TASK DETAILS
What is needed is an exact copy of the data below, pictures excluded.

DATA SHOWN
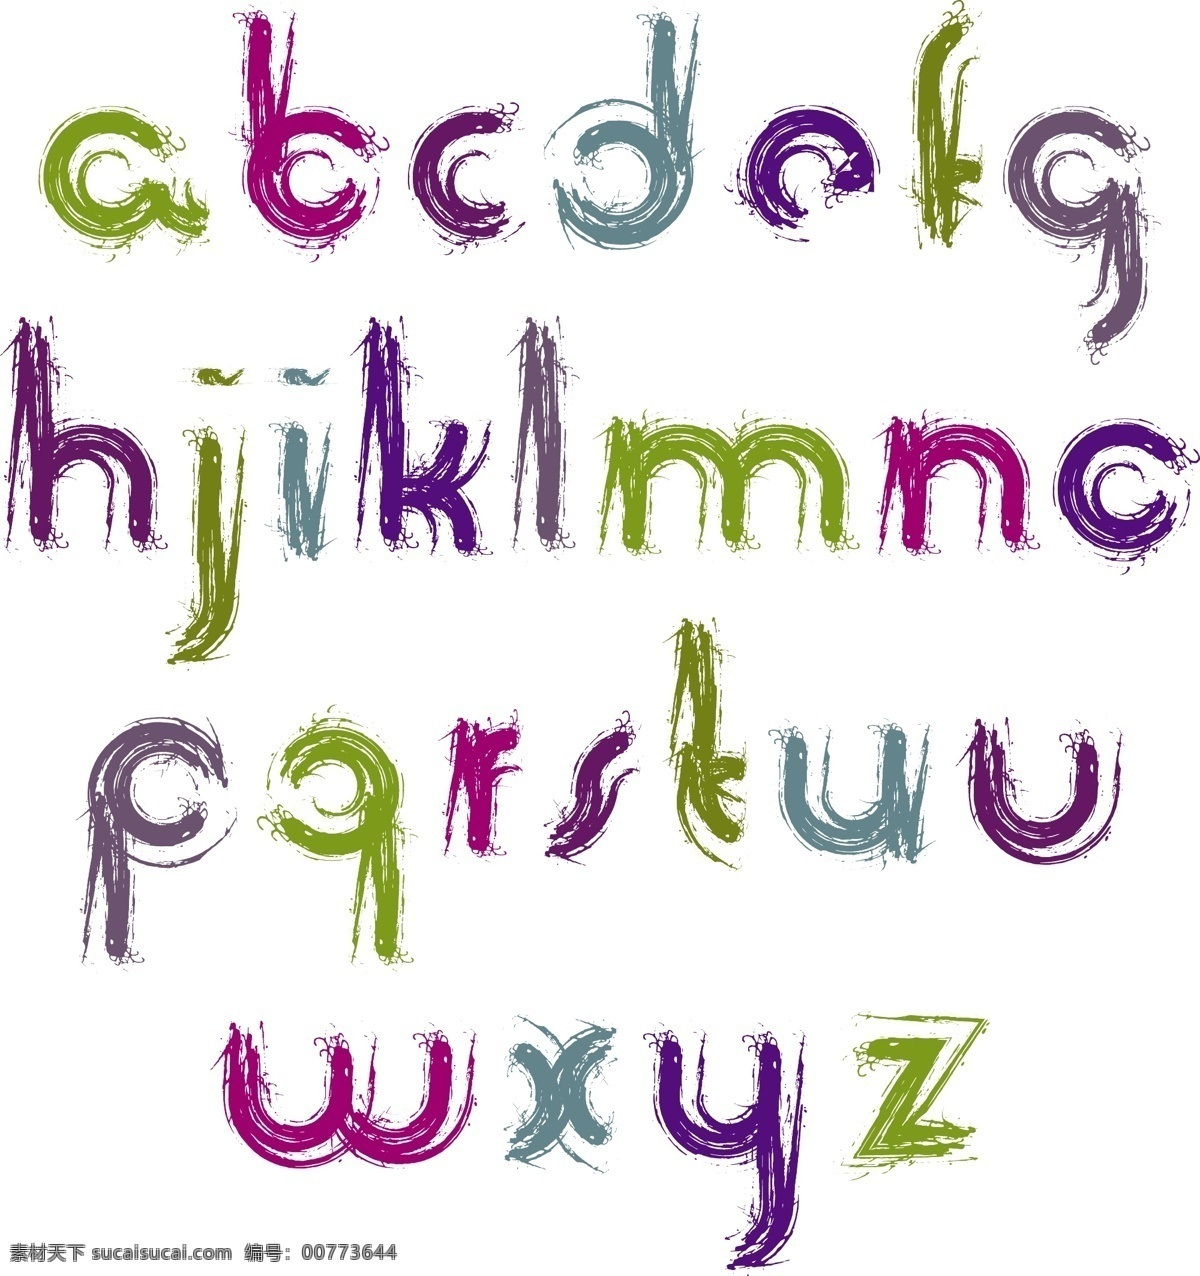 笔刷字母 水墨字母 矢量字母 卡通字母 手绘字母 字母插画 彩色字母 手写字母 笔触字母 活泼字母 创意字母 艺术字母 现代字母 时尚字母 数字字母 标志图标 其他图标
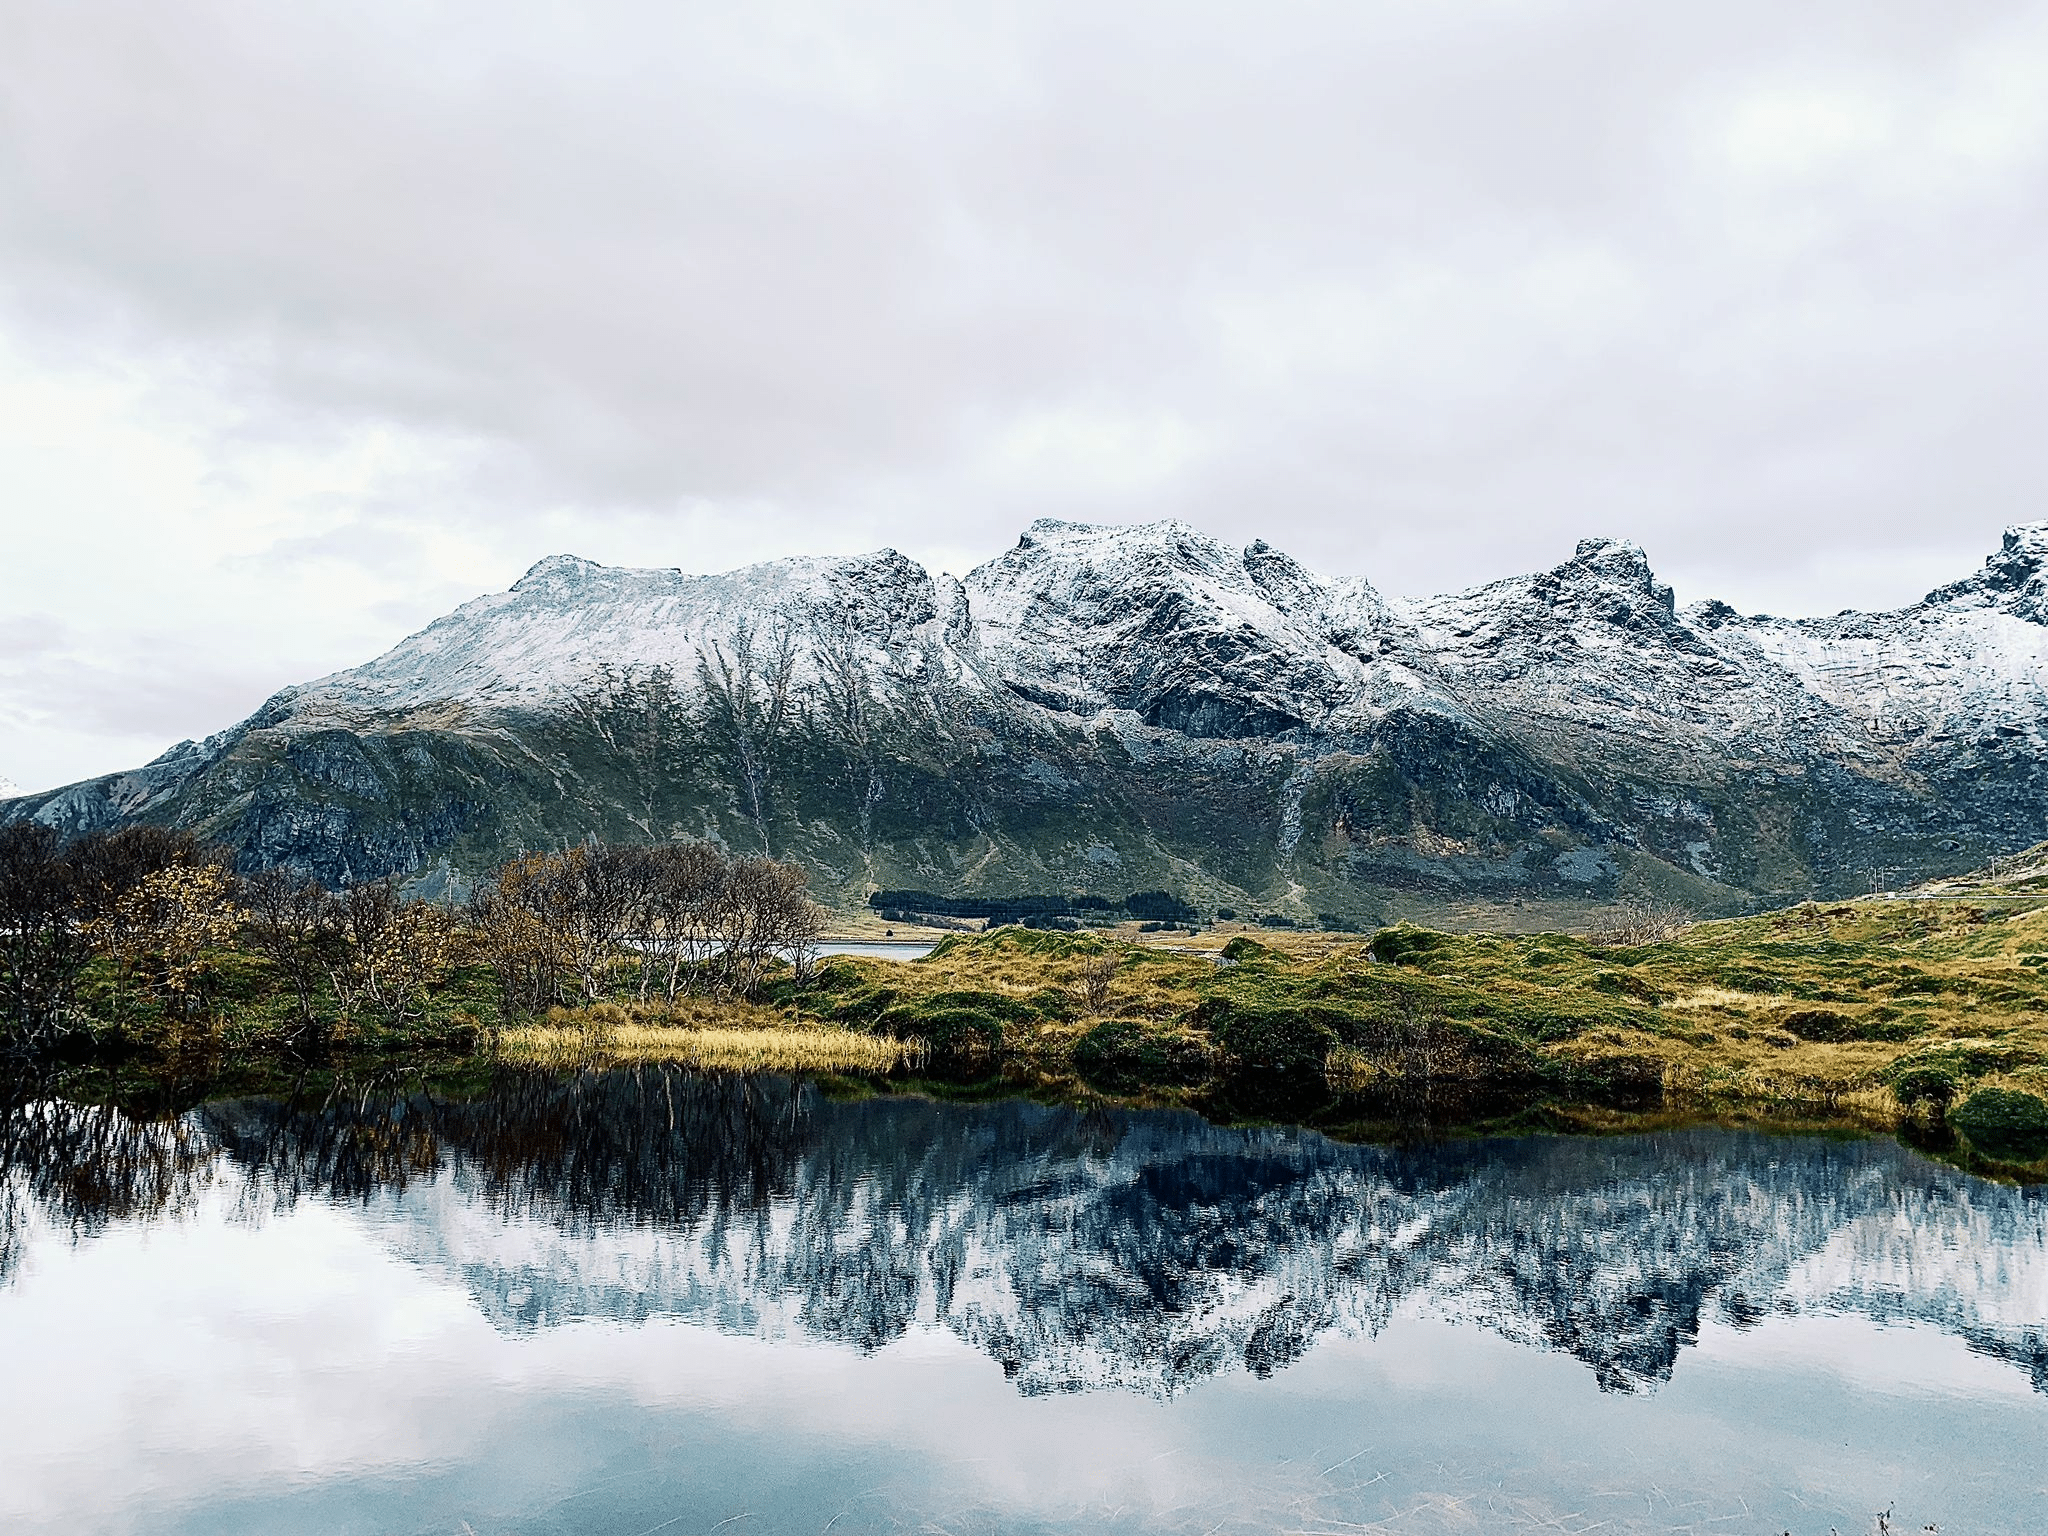 Lofoten, Norge
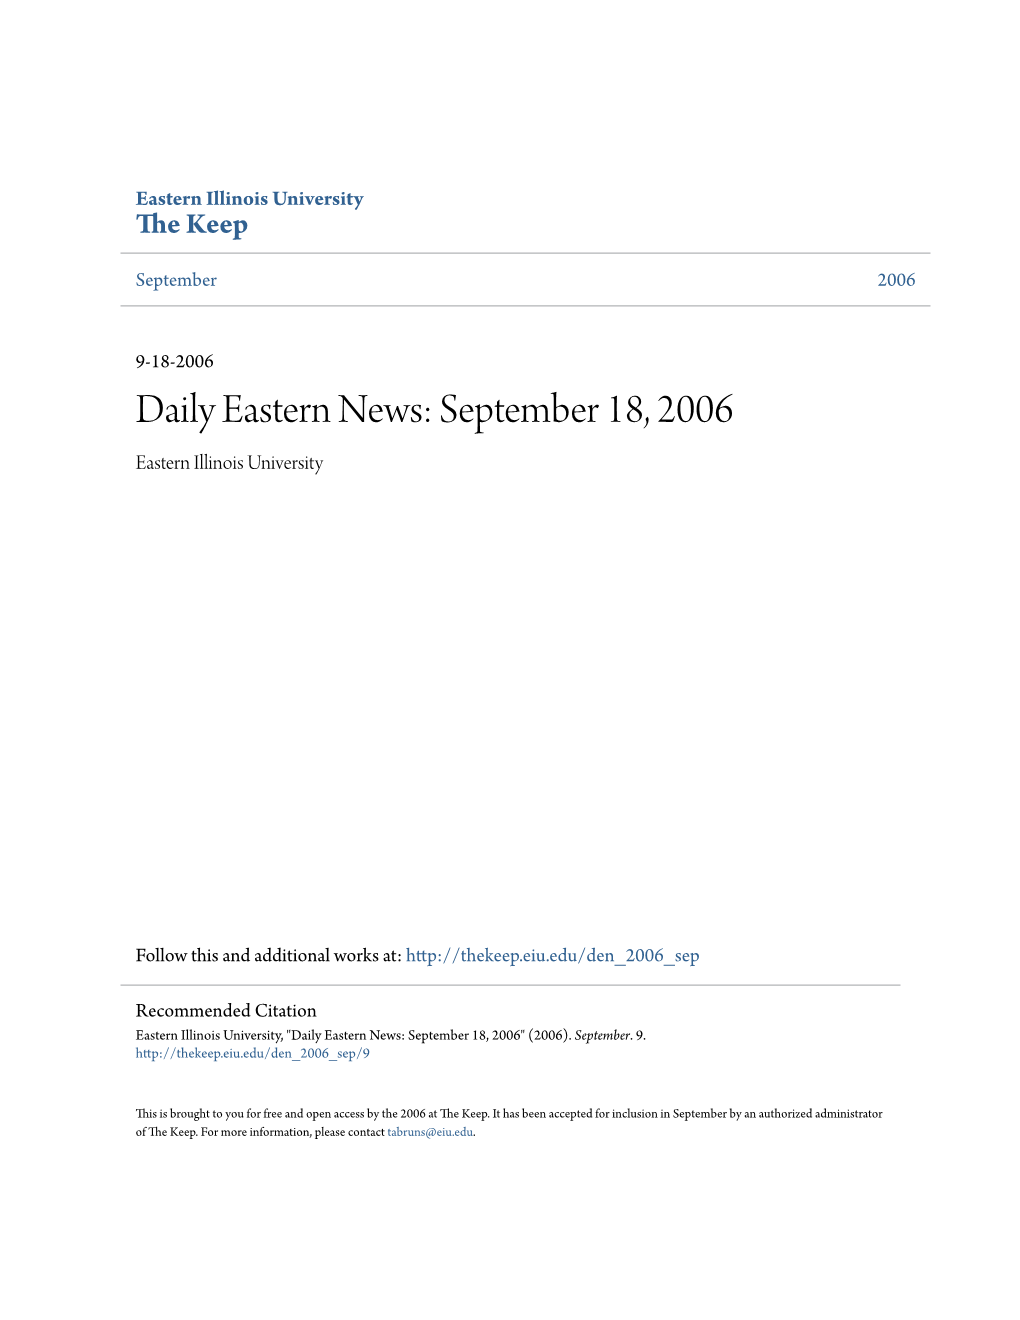 Daily Eastern News: September 18, 2006 Eastern Illinois University

SOLUTION FOR THIS EXERCISE
 笔刷字母 水墨字母 矢量字母 卡通字母 手绘字母 字母插画 彩色字母 手写字母 笔触字母 活泼字母 创意字母 艺术字母 现代字母 时尚字母 数字字母 标志图标 其他图标
 Lofoten, Norge
 Daily Eastern News: September 18, 2006 Eastern Illinois University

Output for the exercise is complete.